An Unarmed 17-Year-Old Boy Was Shot And Killed By East Pittsburgh Police While Fleeing A Traffic Stop

"These facts, without more, simply leave very little room to justify the use of deadly force by this officer," the family's attorney said.

An unarmed 17-year-old boy was shot and killed by an East Pittsburgh police officer Tuesday night while he attempted to run away during a traffic stop, authorities said.

The 17-year-old, identified as Antwon Rose, was shot three times after he "bolted" from a vehicle on foot during the stop, according to the Allegheny County Police Department, which is investigating the shooting.

Rose was pronounced dead at a local hospital at 9:19 p.m., the department said in a statement.

The officer who opened fire has been placed on administrative leave, Allegheny County Police Superintendent Coleman J. McDonough said Wednesday.

A video posted on Facebook shows two men exit the rear door of the vehicle and run away from the street. Three gunshots are heard and the two men fall or dive behind a residential building.

"Why are they shooting at him?" the person recording the video says. "Why are they shooting? All they did was run and they're shooting at them."

Authorities said the officer-involved shooting in East Pittsburgh was connected to an earlier shooting in a neighboring borough.

Police received reports of shots fired at 8:27 p.m. in North Braddock and found a 22-year-old man wounded by gunfire. The man was transported to a local hospital, treated for an abdominal wound, and released.

Witnesses to that shooting provided a suspect vehicle description, which was then broadcasted to officers in the area and in surrounding municipalities, officials said.

The East Pittsburgh officer spotted the vehicle, a silver Chevy Cruze, and conducted a traffic stop. The officer then ordered the driver to exit the vehicle and directed him to the ground.

That's when Rose and another passenger, who has not yet been located, fled the vehicle and the shooting occurred.

McDonough said the investigation has revealed that the victim in the first shooting exchanged gunfire with someone in the suspect vehicle as it drove by.

Two firearms were discovered on the floor of the car that Rose fled from. McDonough would not say if Rose was the shooter in the first incident.

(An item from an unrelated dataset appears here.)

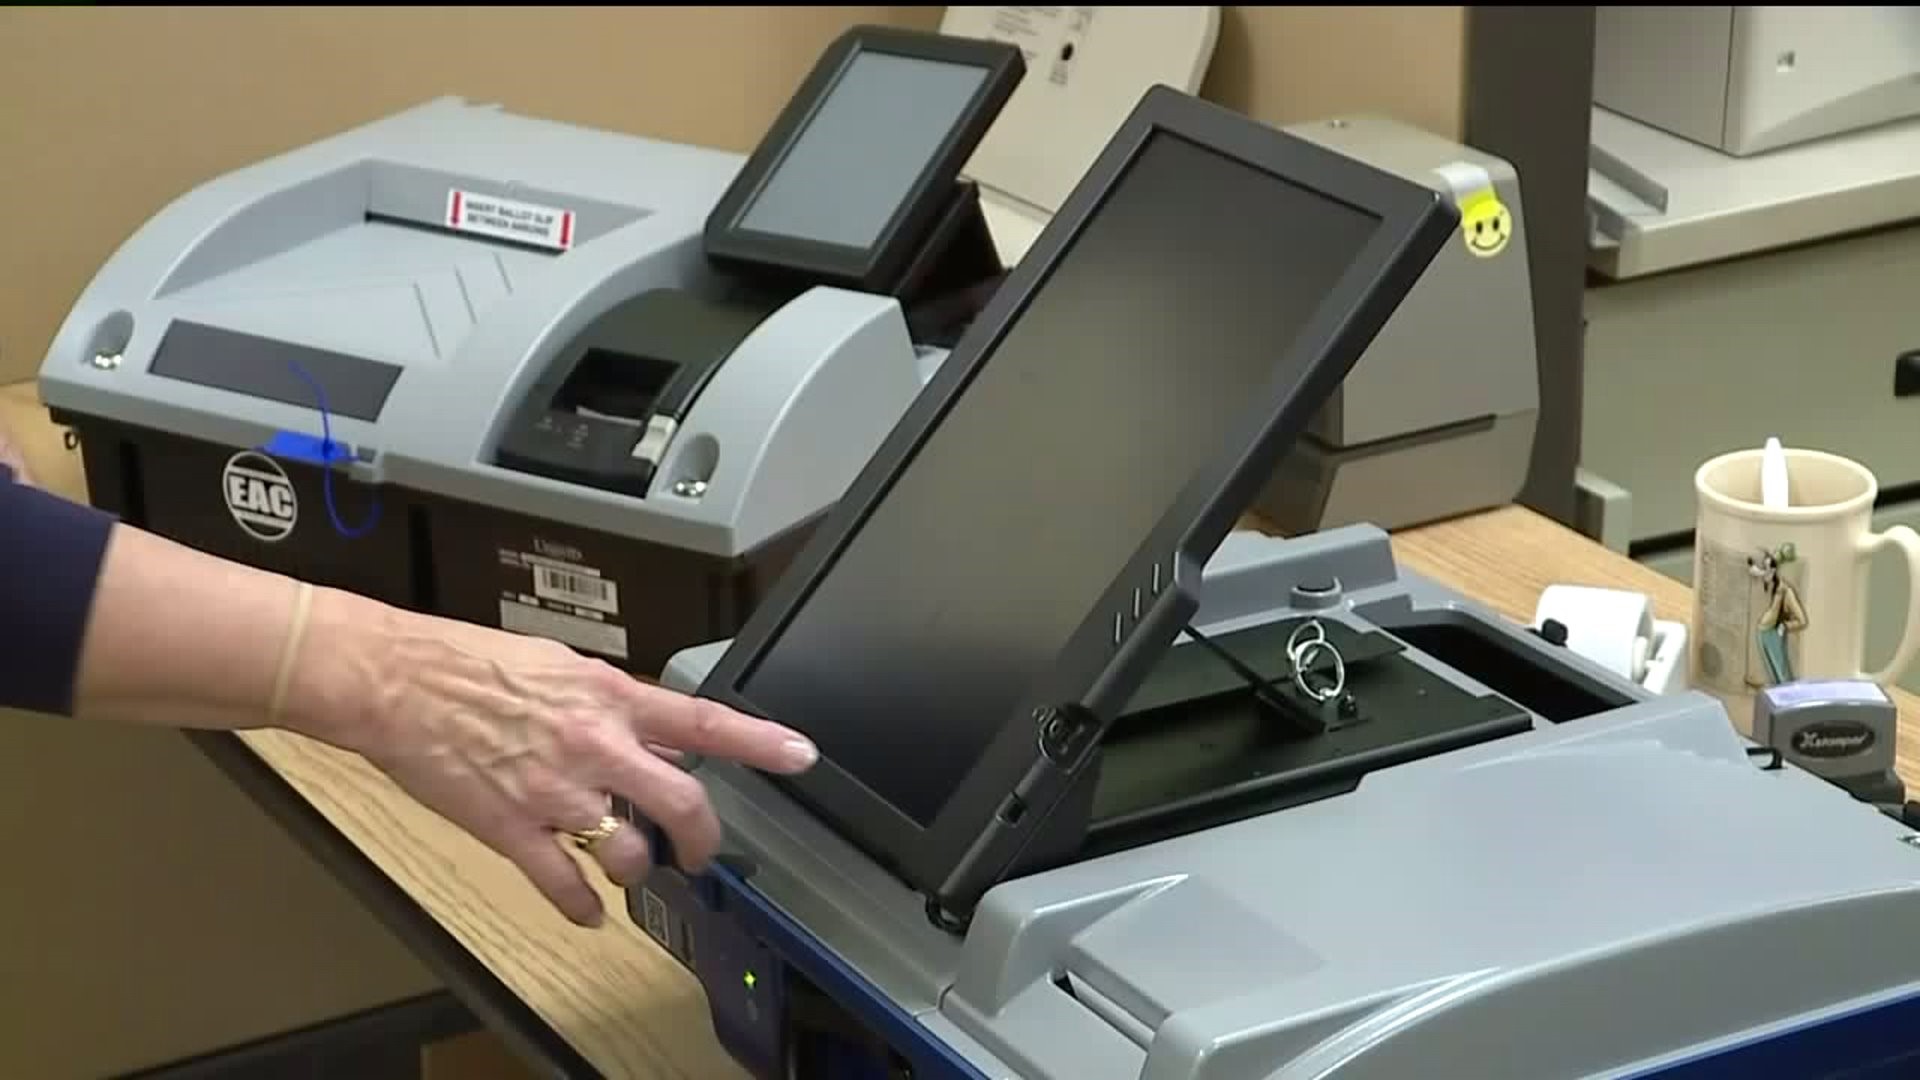 New Voting System in Union County Ready for Election Day

"We’re not at liberty at this point to give you that," he told reporters, adding that the vehicle was damaged by the return gunfire from the first victim. "I’m very confident that that was the vehicle in the shooting."

McDonough said the driver of the vehicle was detained and released after questioning Tuesday night.

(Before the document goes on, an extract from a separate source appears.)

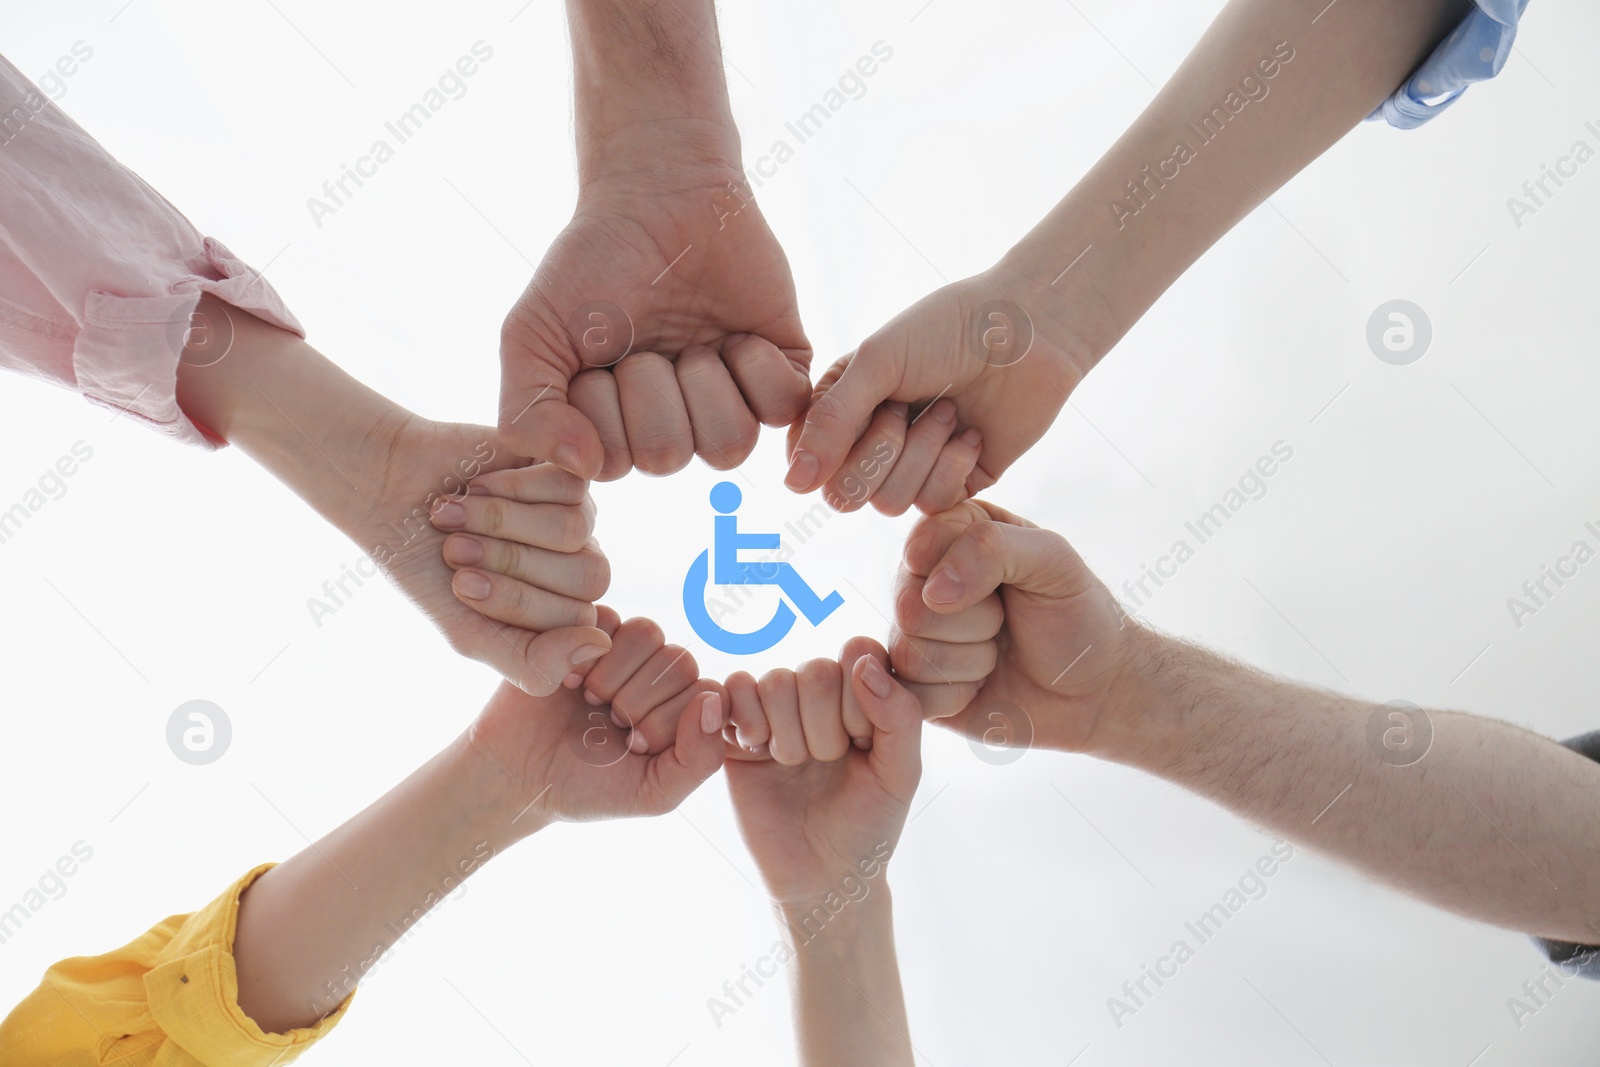 Image of Inclusion concept. People holding fists together around international symbol of access together, bottom view

"At the time, we did not feel that charging was called for," he said.

Allegheny County police had not yet interviewed the East Pittsburgh officer as of Wednesday afternoon, McDonough said.

KDKA-TV reported that the officer had only been on the job for three weeks and was officially sworn in just hours before fatally shooting Rose.

The East Pittsburgh Police Department did not immediately respond to a request for comment.

But Attorney S. Lee Merritt said in a statement on behalf of Rose’s family, "It is difficult to find justification in the shooting of 17-year-old rising senior high school student Antwon Rose II."

"From all accounts, he was a generous, hard working and highly promising student," he added.

Reports that Rose was involved in the earlier shooting “are unsubstantiated,” Merritt said, adding that he was unarmed and “posed no immediate threat to anyone” when he was shot to death.

"These facts, without more, simply leave very little room to justify the use of deadly force by this officer,” Merritt said.

Rose was a high school student in the Woodland Hills School District in North Braddock, which in a statement urged communities to "call a ceasefire to end this gun violence."

Wednesday evening, demonstrators also gathered for an impromptu rally in support of the Rose family and to protest police violence.

The teenager had been volunteering at Free Store 15104, a nonprofit in Braddock, each summer since 2015, according to the Pittsburgh Post-Gazette.

The nonprofit's founder, Gisele Fetterman, told the newspaper that Rose was "a really lovely, gentle kid."

"His mom is amazing. All the kids loved him. Just a fine person. Bubbly. Funny. Goofy. Just really special," Fetterman said.

Rose was also a youth volunteer for Duquesne Mayor Nickole Nesby, who described him as well-mannered and very smart teenager who liked playing basketball.

"Antwon was a beautiful young man who could aspire to be anything," Nesby told BuzzFeed News. "A lawyer, a doctor, a dentist, a judge. We’ll never know because his life was taken away."

Nesby said the reports that he may have been involved in an earlier shooting before he was killed did not "fit his profile."

"That does not fit the young man that I know," she said.